But, even though we’re not cavewomen anymore, we are still driven to connect. From the moment we are born, we connect and attach with other beings. We want to be heard and understood by the people around us. This is a good thing. Our relationships bring us much joy and contentment.


The quality of our relationships affects our health, too.

In an ideal world, the relationships we’re in would be healthy, supportive, and loving. In reality, many of our relationships are codependent, enmeshed, or emotionally immature.

Why? Because we don’t know what we don’t know.

Schools do not, yet, teach courses on healthy relationships. Parents are not given courses before having kids on how to model healthy relationships nor how to form a healthy attachment with their children.

Further, relationships are one of the trickier pieces of our wellness because they are the only pillar that requires another person. With the other pillars (sleep, exercise, soul care, and eating), we control how we manage our wellness.


With relationships, we are "in relation with" another human and so, we need to interact and communicate to ensure our wellness. Hear that? Communication must happen.

So many of the problems that my clients present with or that have come up in my past are because of communication. Either a lack of communication or that it’s being done in an aggressive, unhelpful way.

In order to have deeply connected relationships, we have to have deeply connected conversations with those we’re in a relationship with.

In thriving relationships, you’ll have plenty of opportunities for deep or difficult conversations and this is a good thing. Expect it as that means you’re growing, striving, and moving into that next great level.


When those deep topics of conversation come up, instead of resisting it or putting it off, follow these 5 steps to strengthen the connection in your important relationships.

1. Get clear

What do you want to talk about? What is the intent of your conversation? How do you want to feel after the conversation?

If you’re anything like me, you often skip this step and just open our mouth. I encourage you to view this step as one of the most important steps.

When I pause and ask myself, "What do you want to talk about Susie?", the conversation flows much better.

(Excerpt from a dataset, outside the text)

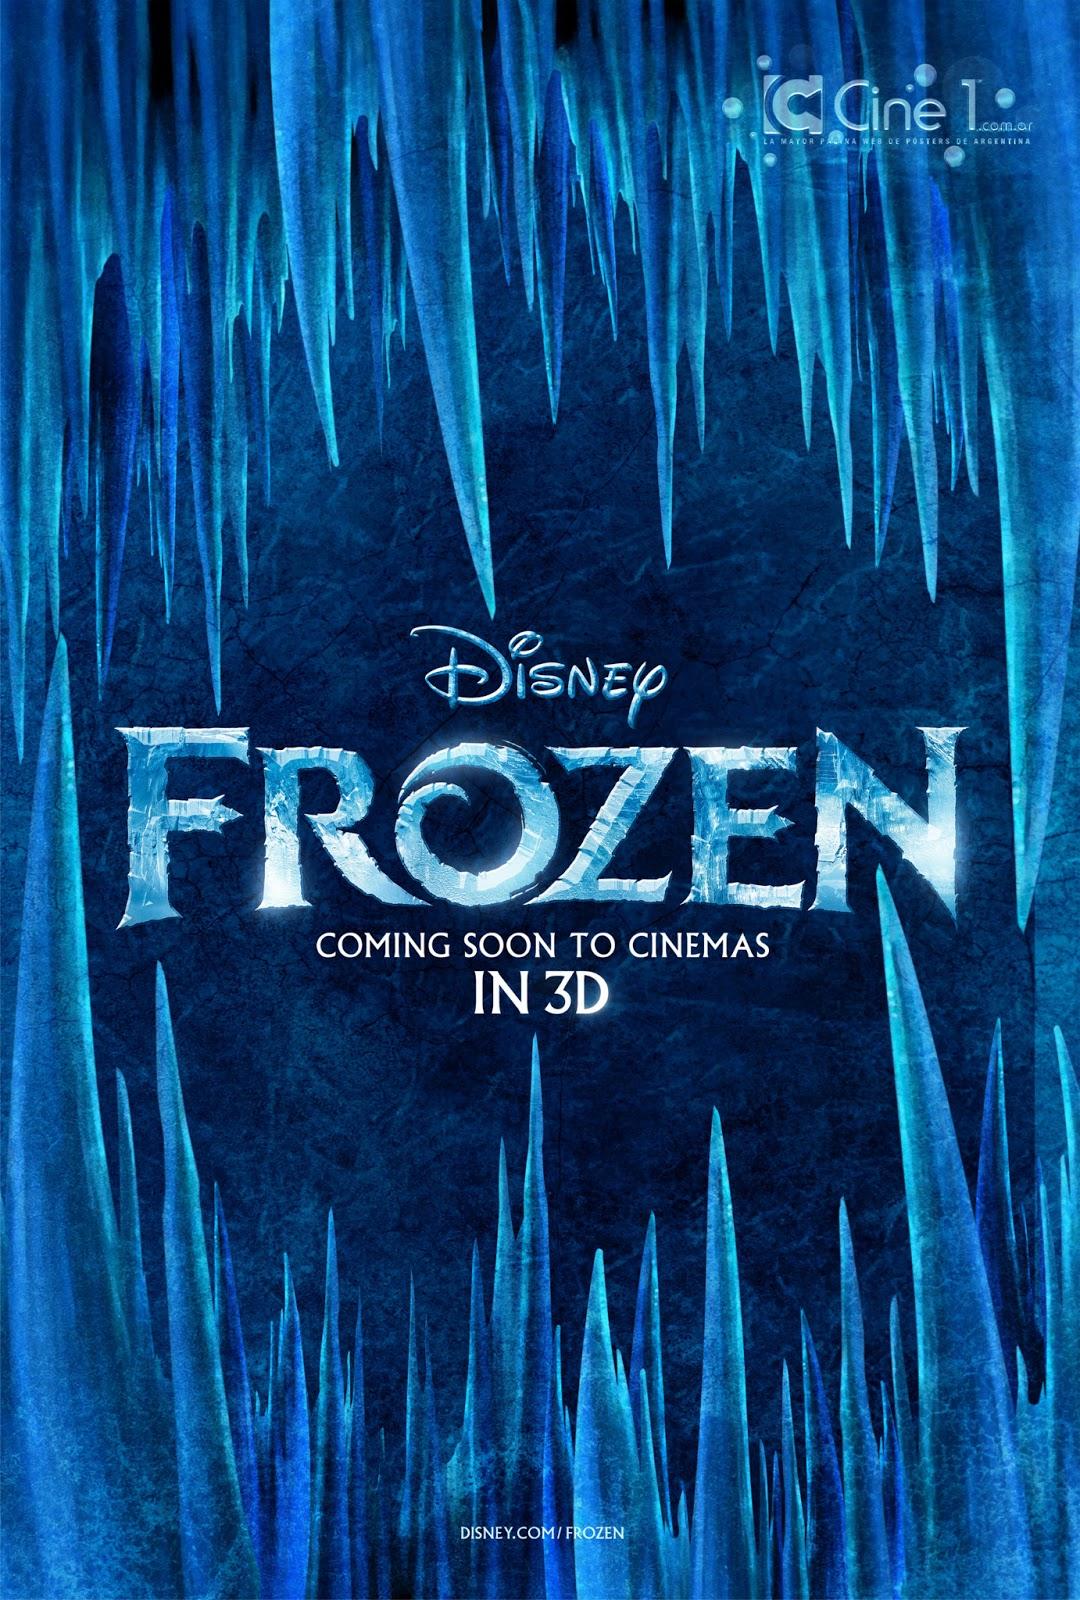 Upcoming Adaptation: Disney's Frozen

Here are some other questions to ask yourself:

  • "What result do I want?"
  • "What’s the best-case result from this conversation?"
  • "What’s the worst?"
  • "What’s realistic?"

This is an important time to remind yourself that there is no winning or losing in healthy committed relationships. A discussion is when two parties come together to learn of the other’s opinion on the matter.


If you don’t want to know their opinion and they’re involved, that’s not a healthy relationship. That’s more a dictatorship or a misguided parent-child relationship.

Please don’t have that conversation. Go talk to a mirror. Get over your need to control everything and then come back when you’re ready to converse.

2. Timing

Choose a time to have a conversation where both of you are calm and neutral. This is usually not when whatever topic you want to discuss just came up. This is also not past 9 pm at night.

My mantra: "No deep discussions after 9 pm."

Our brain is tired, it is not a time when our brain is looking for solutions. Check in with your physical self by asking questions such as: "Is my chest tight? Am I clenching my jaw? Is my brow furrowed? How deeply can I breathe?"


These are all signs that the fight or flight part of your brain is triggered and that the conversation needs to wait.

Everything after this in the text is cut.